Cautinus (French: Cautin) was a bishop of the Diocese of Clermont in the 6th century.

== Gregory of Tours ==

Most of what is recorded about Cautinus derives from the writings of Gregory of Tours, who was a contemporary of Cautinus and a fellow bishop.

According to Gregory, following the death of the previous bishop Gall in 554, the clergy elected for a priest named Cato to become the next bishop. Cautinus, however, who was an archdeacon in Clermont, went to king Theudebald and reported the death of Bishop Gall. The king then made Cautinus as the new bishop of Clermont. Cato, however, tried to depose Cautinus afterwards and wouldn't submit to him.
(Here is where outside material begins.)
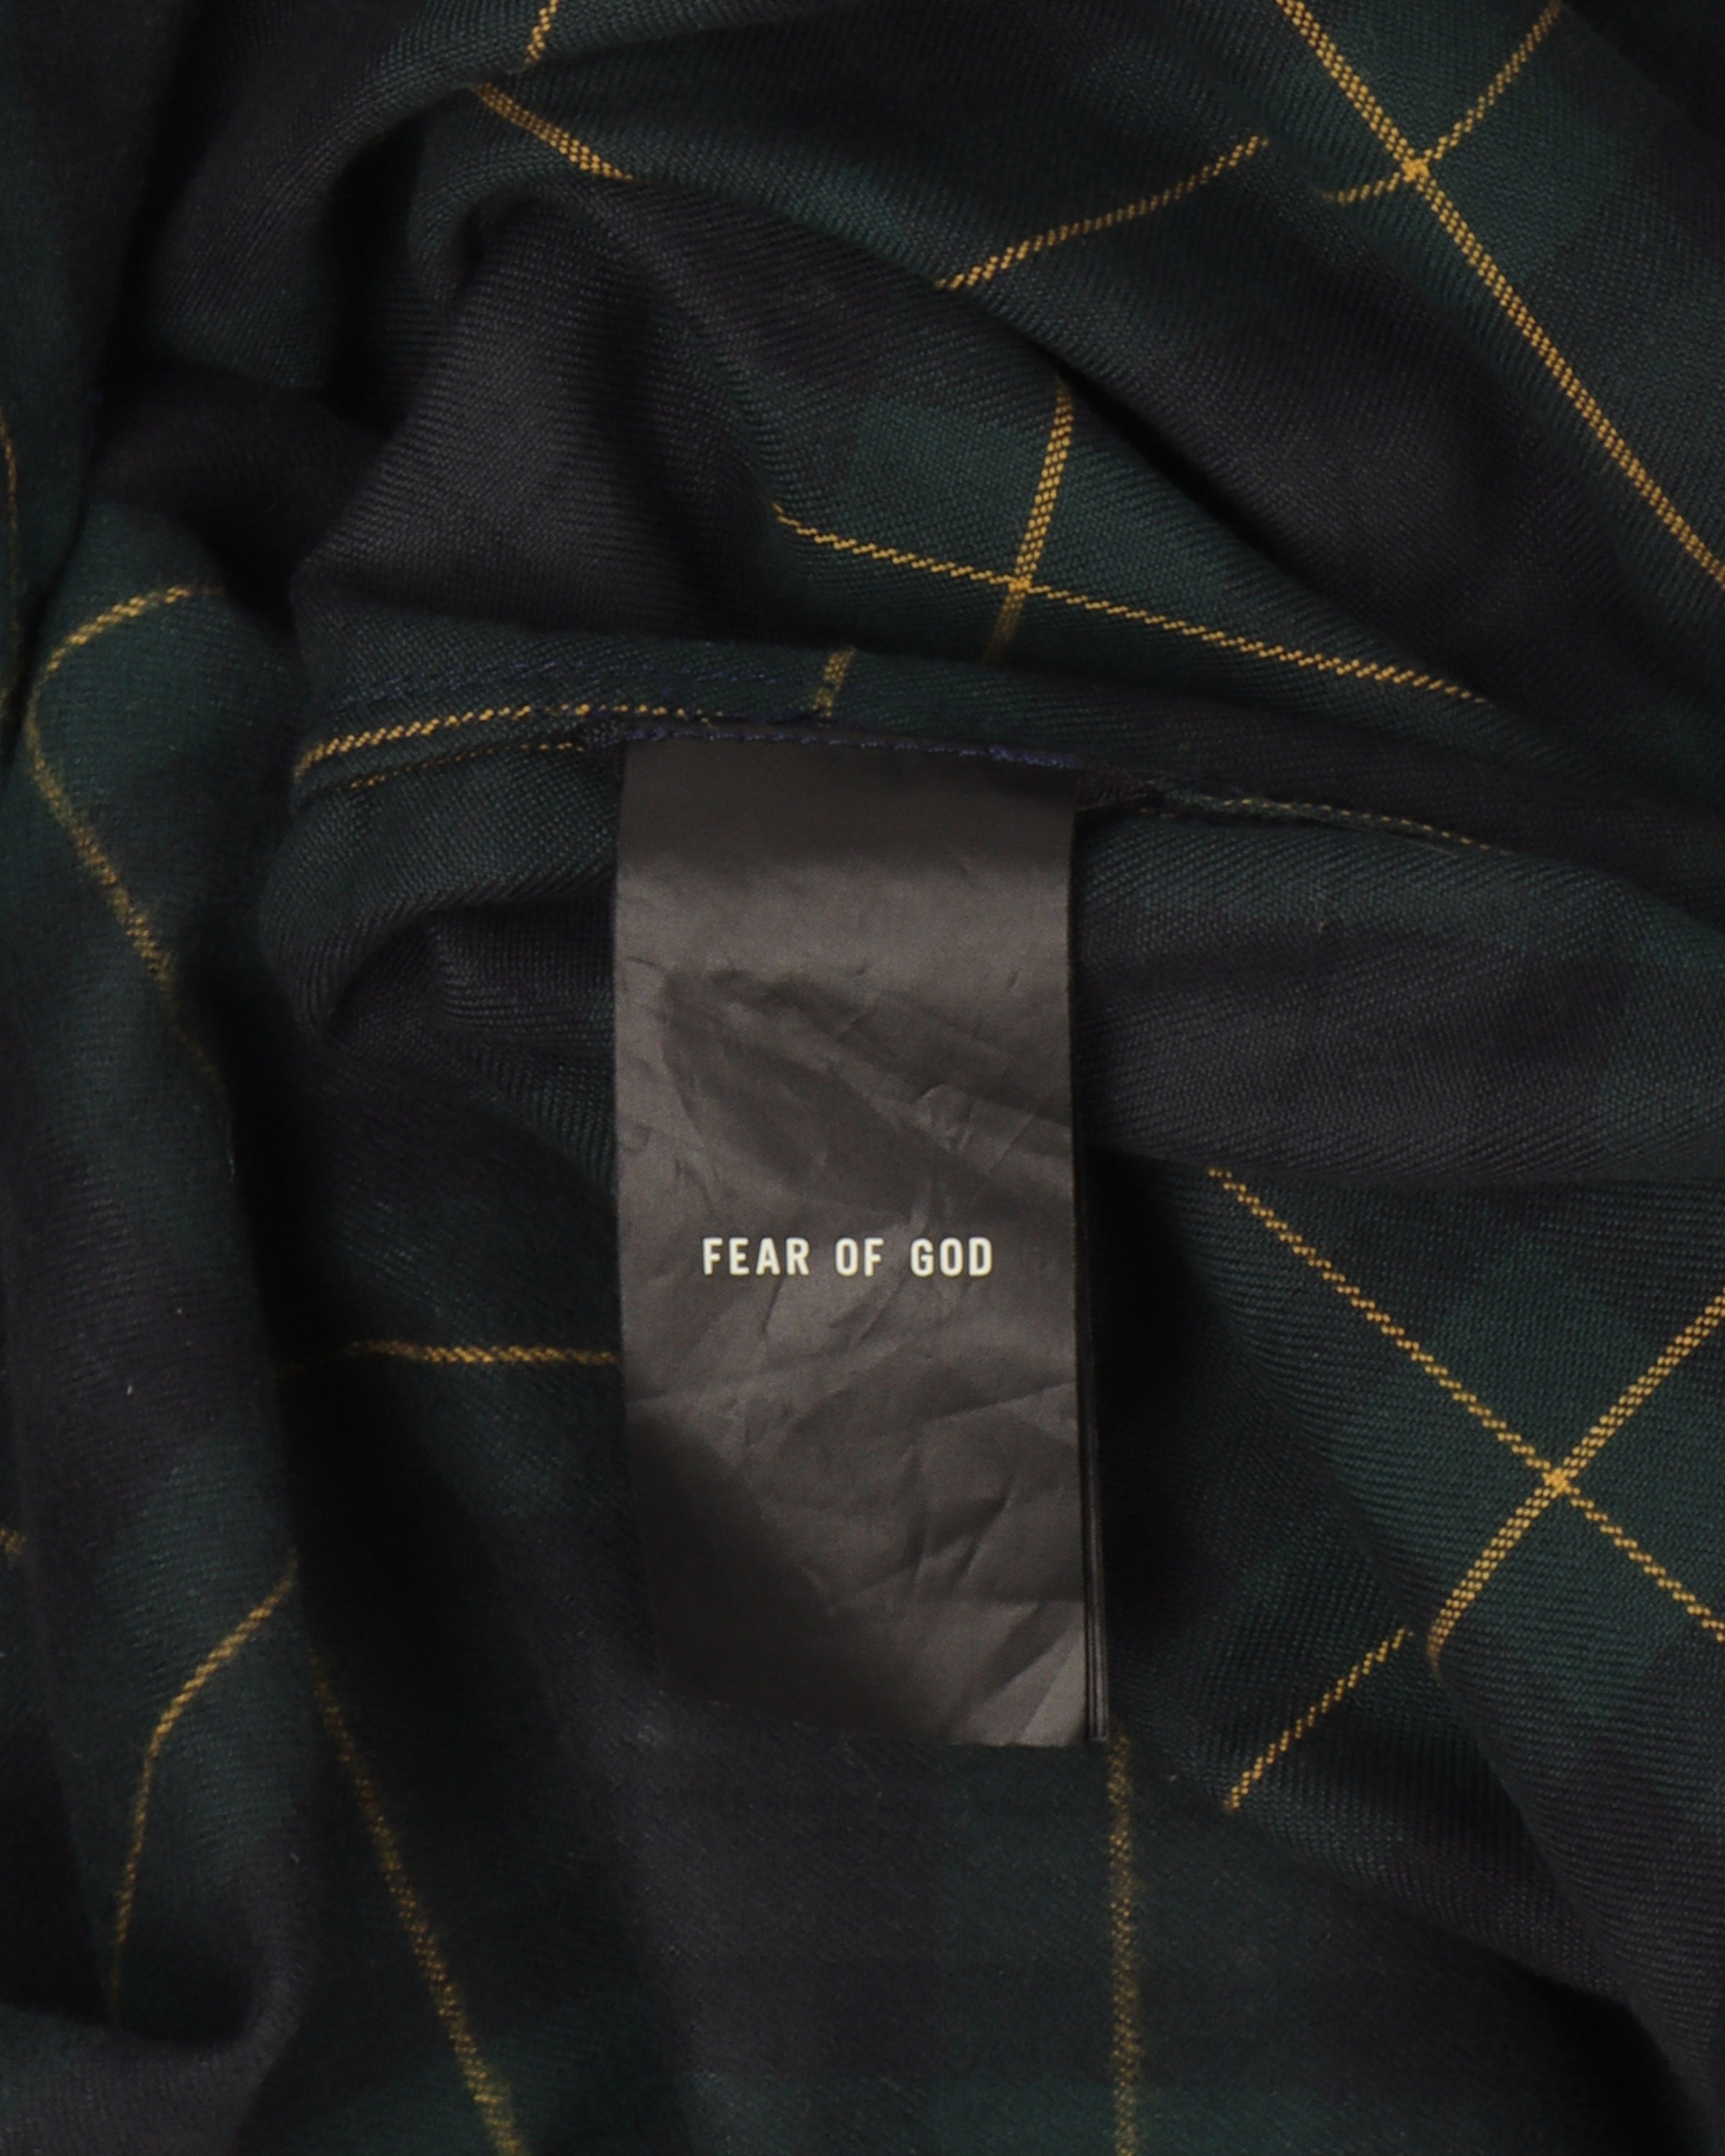 Sixth Collection Flannel

He also had bad relations with Chram son of King Chlothar I of the Franks and Cato tried to get Chram to help him to get rid of Cautinus.

Cautinus was described by Gregory as being very avaricious and tried to take the property of others. Gregory recounted a story where the bishop attempted to have a priest locked in a tomb and left to die when he refused to give him the deeds to properties he owned. The priest later escaped and accused Cautinus before the king of the matter.

Gregory also claimed Cautinus was a drunkard, illiterate and 'subservient to Jews'.

Cautinus died in the year 571 on the day before Passion Sunday as a result of plague.